Über ein halbes Jahrhundert musste Basel, die Hochburg fasnächtlichen Pfeifens und Trommelns warten, bis es endlich wieder die Teilnehmer eines Eidgenössischen Tambouren- und Pfeiferfestes in seinen Mauern begrüssen darf. Denn diese vom Schweizerischen Tambourenverband (STV) alle vier Jahre ausgerichteten Wettspiele fanden 1954 letztmals am Rheinknie statt. Nun, vom 29. Juni bis 2. Juli 2006 ist es endlich wieder so weit. Und die 24. Ausgabe unter dem Motto «Basel 2006» steht unter einem besonderen Stern, denn dieses Jahr feiert der STV sein 100-Jahr-Jubiläum.

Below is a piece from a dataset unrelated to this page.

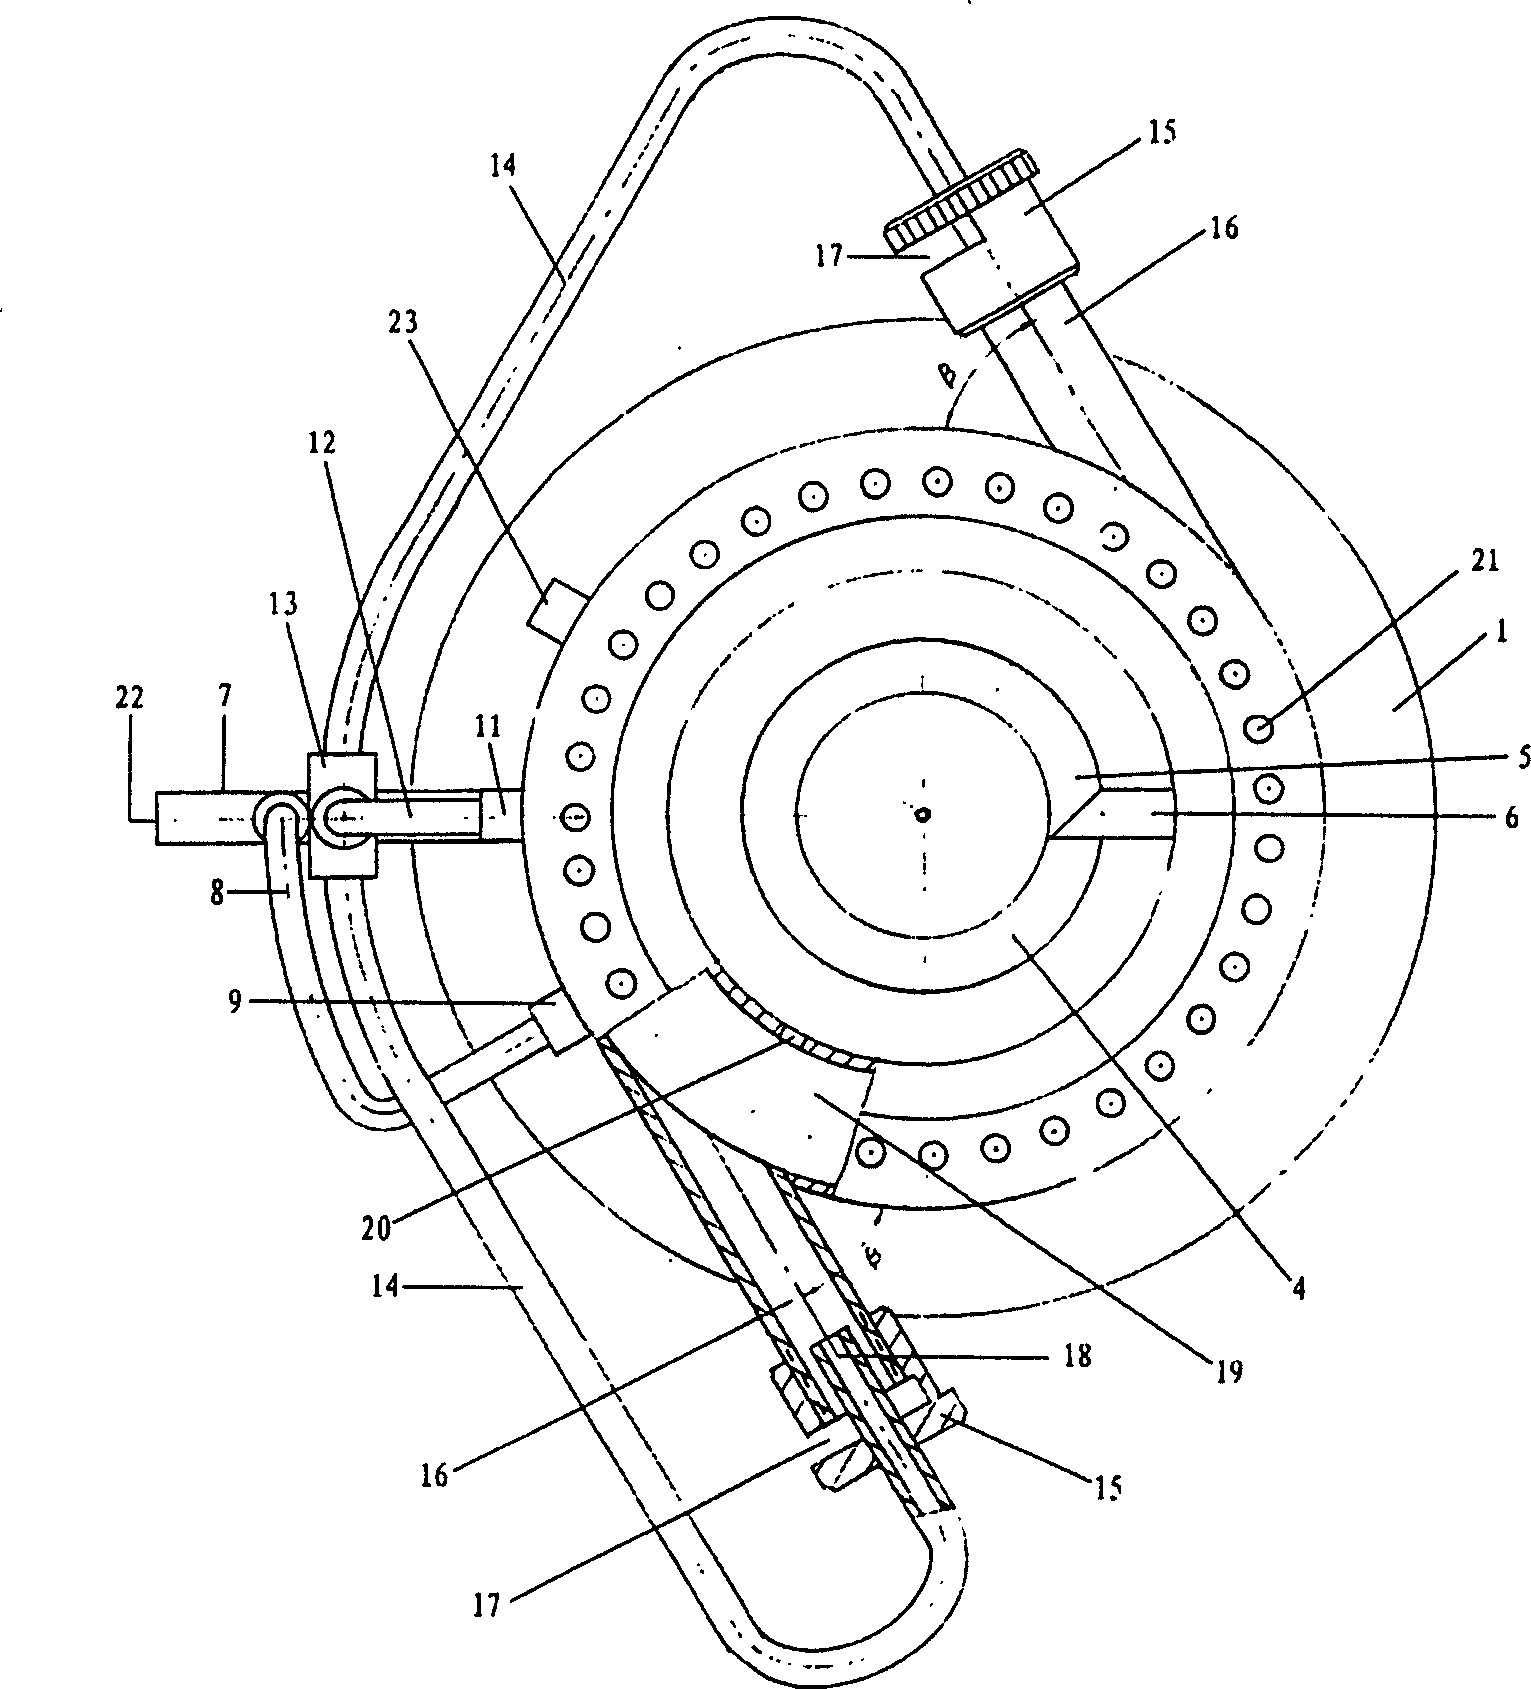 Liquid fuel evaporation and combustion furnace head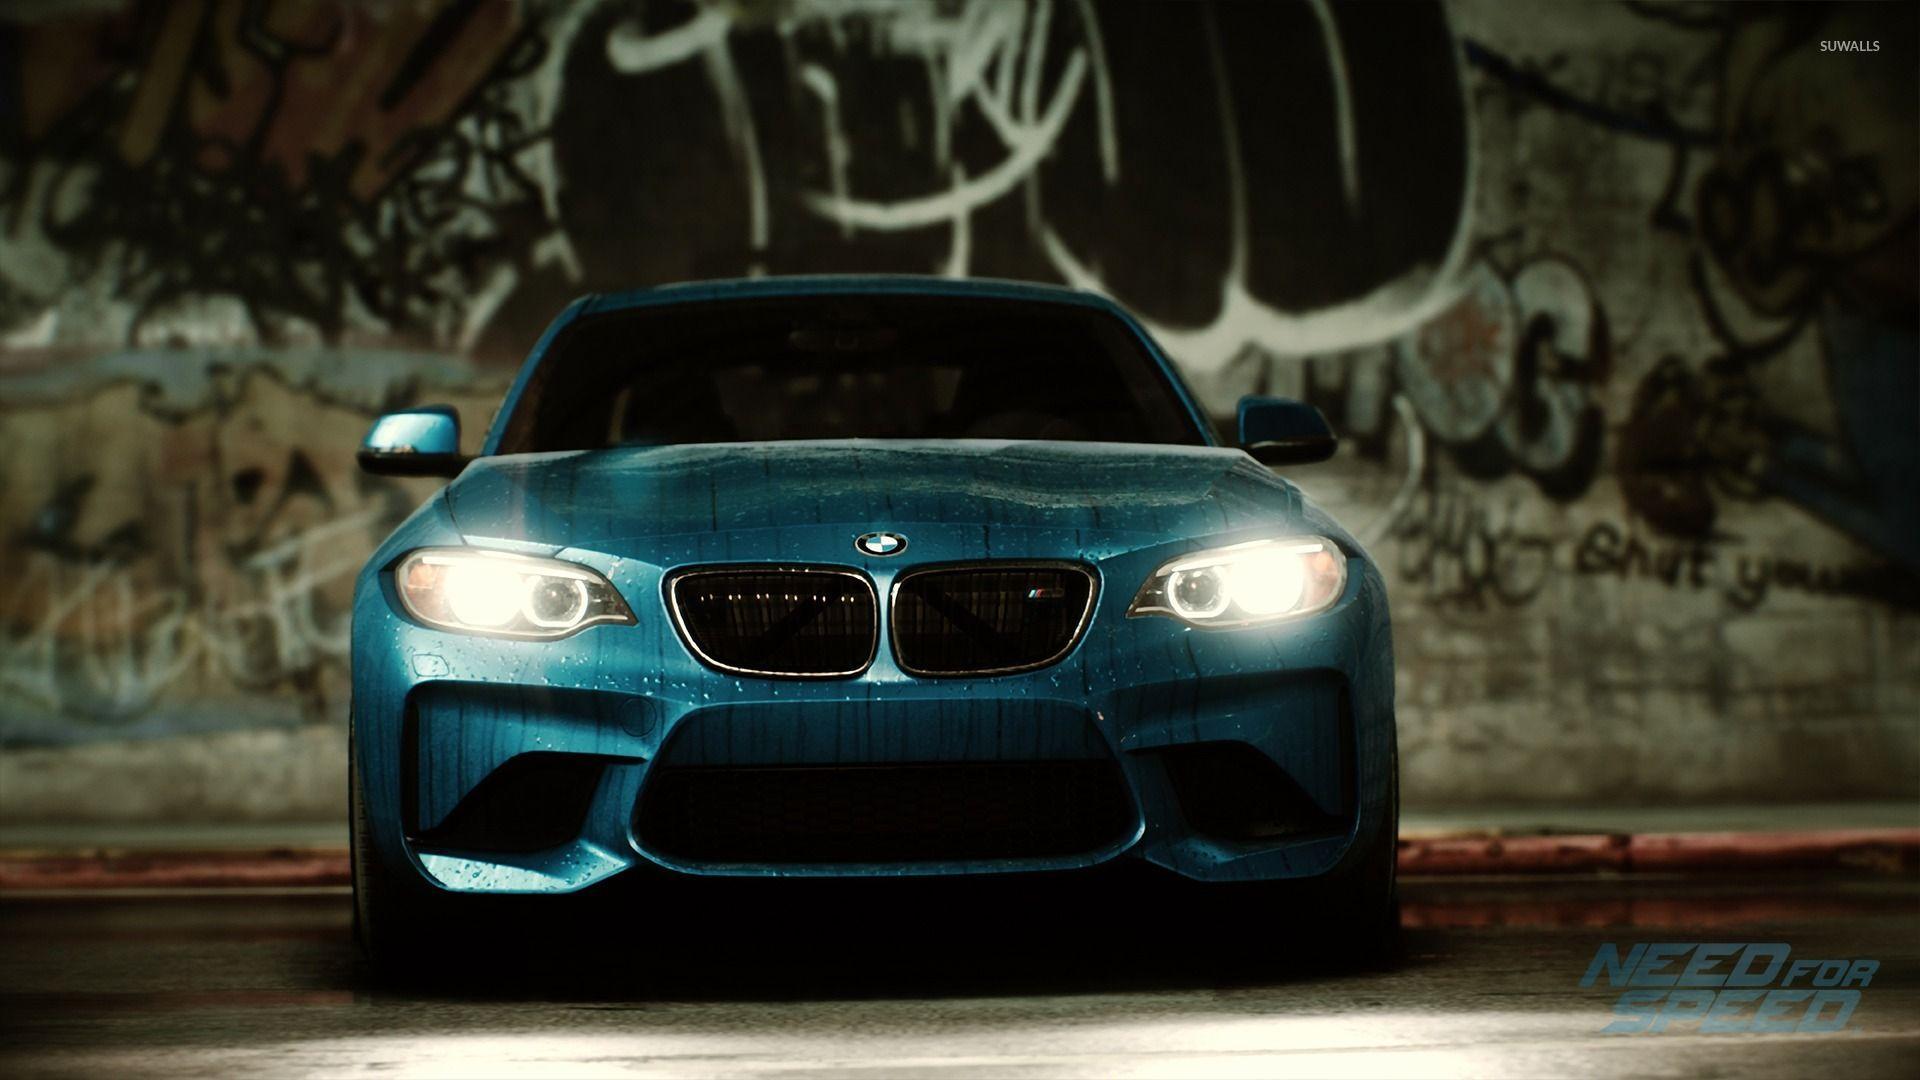 BMW M2 Coupe in Need for Speed wallpaper wallpaper

Wie das Organisationskomitee heute den Medien mitteilt haben sich für «Basel 2006» gegen 3’100 aktive Tambouren, Pfeifer (Basler Piccolo und Natwärrisch-Pfeifer) und Claironisten aus 133 Vereinen angemeldet. Das sind rund zehn Prozent mehr als beim letzten Eidgenössischen 2002 in Sierre. Obwohl noch nicht alle Anmeldungen ausgewertet sind muss das OK noch zwei zusätzliche Säle für die Wettspielkonkurrenz öffnen und bei der Marschkonkurrenz mit zwei Jurys arbeiten. Zudem ist das OK von ursprünglich 18 auf 40 ehrenamtliche Mitarbeitende angewachsen. Am Fest werden dann gegen 500 freiwillige und unbezahlte Helferinnen und Helfer aus den Trägerschafts-Vereinen im Einsatz sein. Neben den über 3’000 Aktiven rechnet das OK mit zehntausenden Zuschauer aus der Schweiz und dem benachbarten Ausland.
Neben den Wettspielkonkurrenzen kommt natürlich bei «Basel 2006» die Unterhaltung nicht zu kurz. Vier ausländische Gastformationen – drei aus den USA und eine aus Frankreich – werden abends auf dem Marktplatz, dem Barfüsserplatz und dem Kasernenareal diverse Bühnenauftritte bestreiten. Und um den Fussballfreunden die Möglichkeit zu bieten, die am 30 Juni und 1. Juli stattfinden Viertelfinalspiele um die Fussball-Weltmeisterschaft mitzuerleben, prüft das OK in Zusammenarbeit mit dem Stadtmarketing die Aufstellung einer Grossleinwand auf dem Marktplatz.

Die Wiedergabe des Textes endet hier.